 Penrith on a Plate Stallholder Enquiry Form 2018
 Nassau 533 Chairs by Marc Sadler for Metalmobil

────────────────────

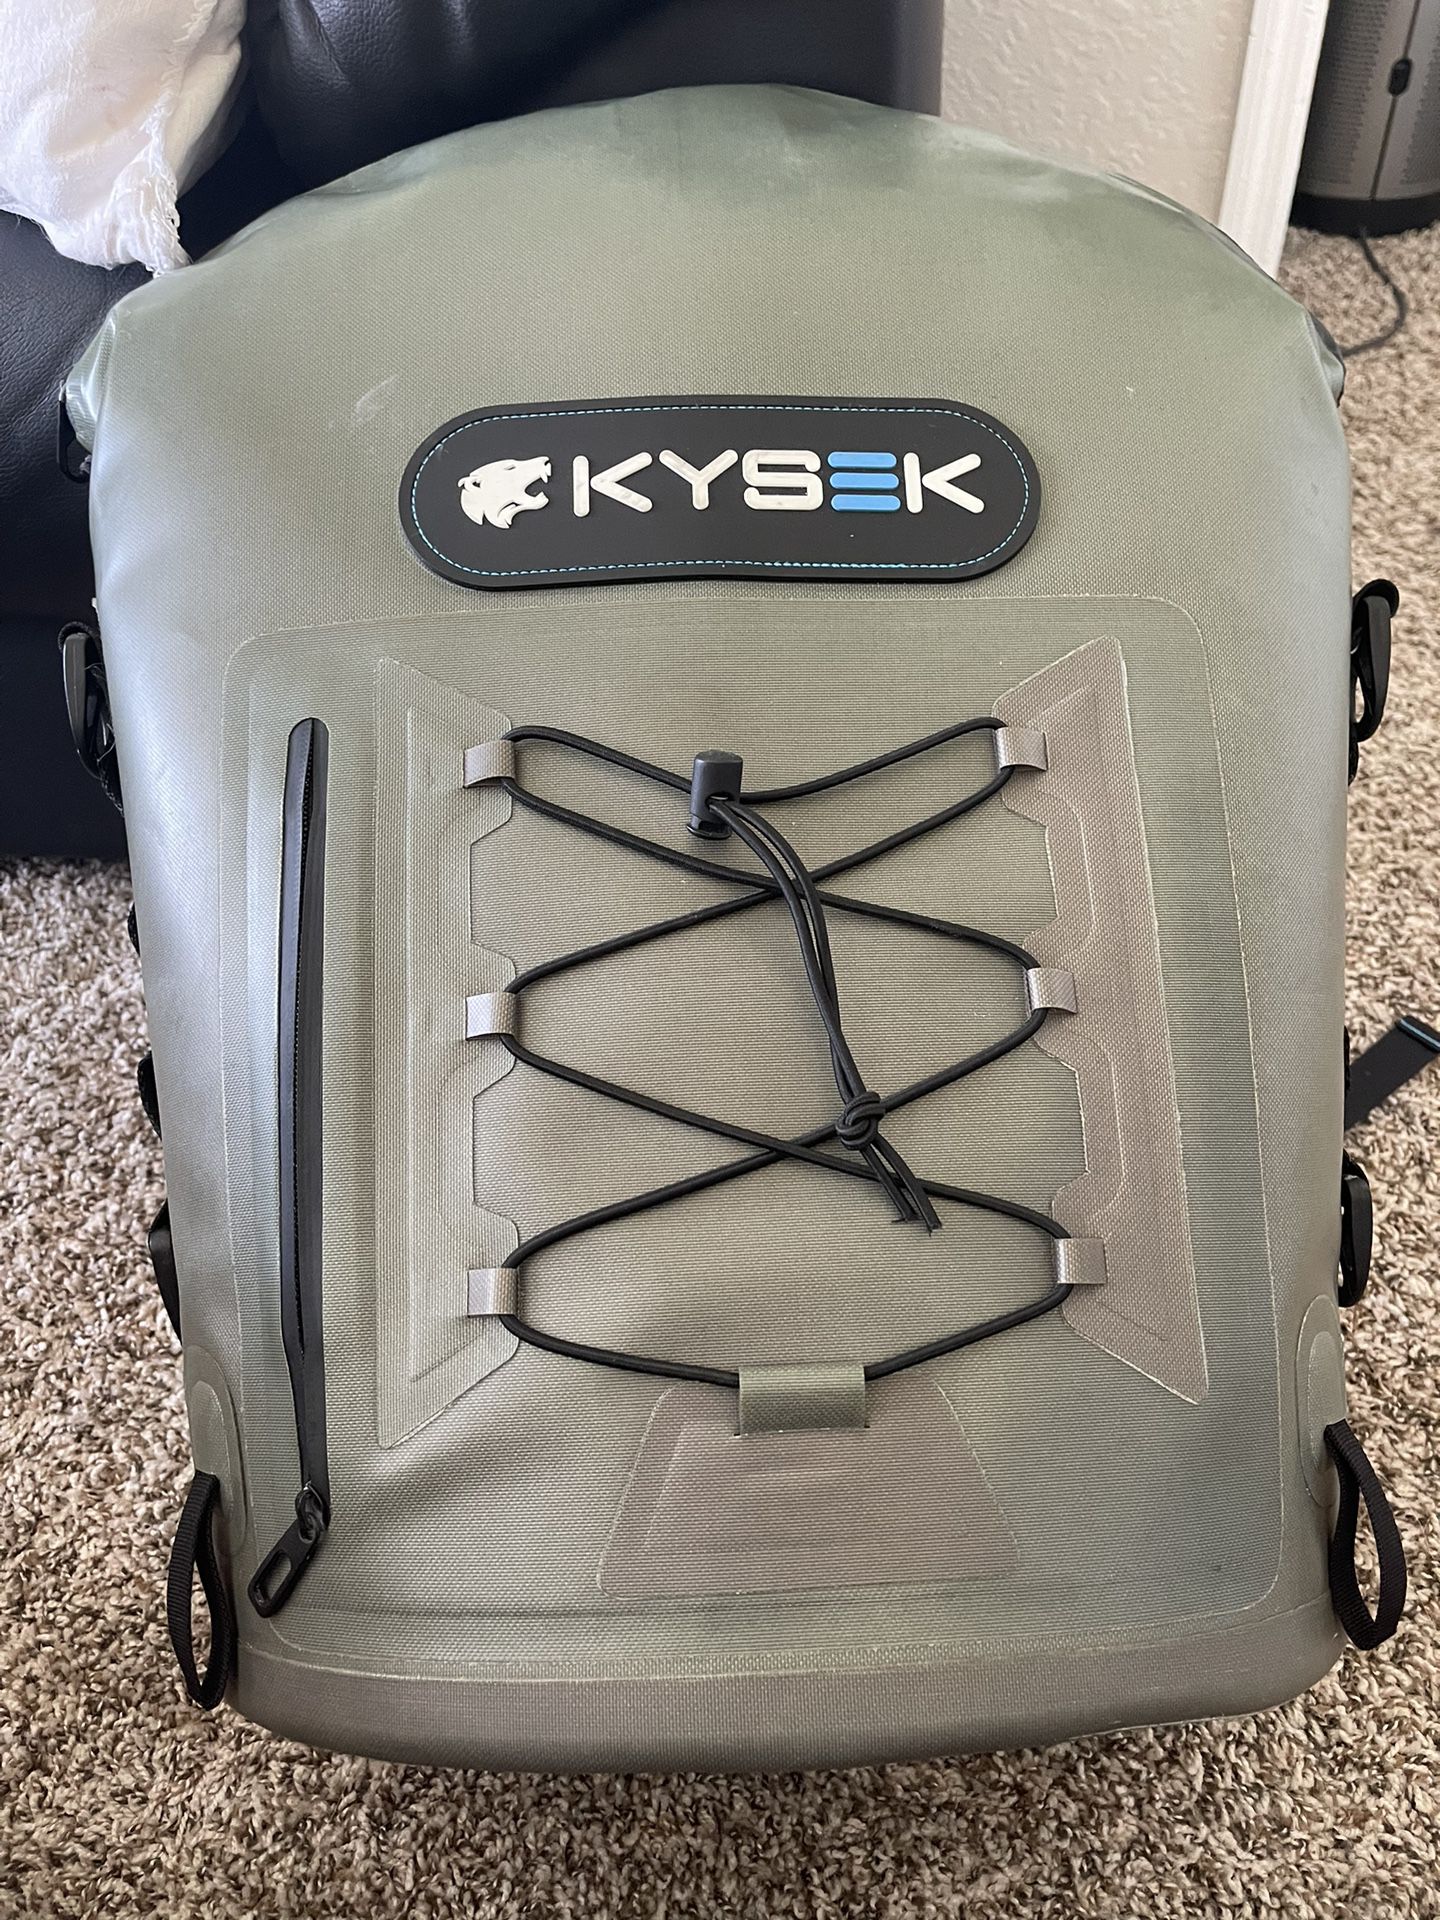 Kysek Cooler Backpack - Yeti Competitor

────────────────────

◆ ABOUT THIS EXERCISE: Return the span of lines in the data above that opens at the line with "Penrith on a" and closes at the line with "Nassau 533 Chairs", exactly, ends included, nothing else.

◆ TASK SOLUTION:
 Penrith on a Plate Stallholder Enquiry Form 2018
 Nassau 533 Chairs by Marc Sadler for Metalmobil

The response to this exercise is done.